## About this task
This task calls for copying every line in the data below that contains the word "lining".

## Stored data
■ ■ ■
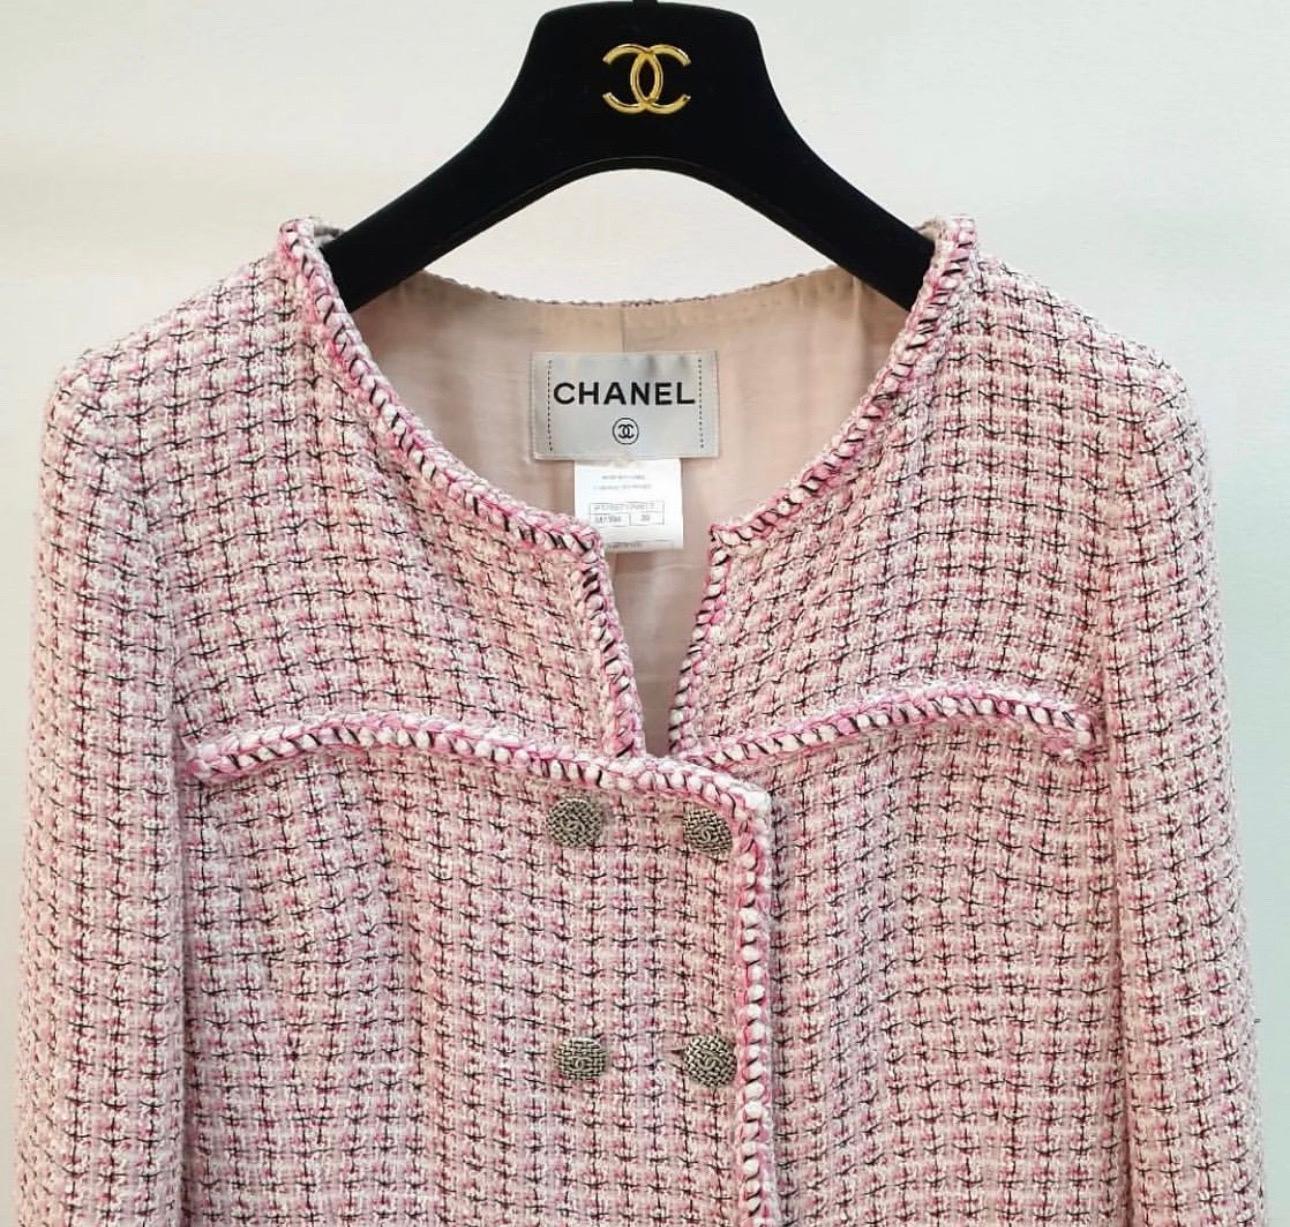 Chanel 14C Paris-Singapore Pink Tweed Jacket 
Sz.38 FR.  
Features braided trim, dual patch pockets, silver-toned CC buttons, camellia silk lining, and chain-weighted hem for perfect drape.
Very good condition. Slight dirtyness on the lining in
■ ■ ■
## Answer section
Features braided trim, dual patch pockets, silver-toned CC buttons, camellia silk lining, and chain-weighted hem for perfect drape.
Very good condition. Slight dirtyness on the lining in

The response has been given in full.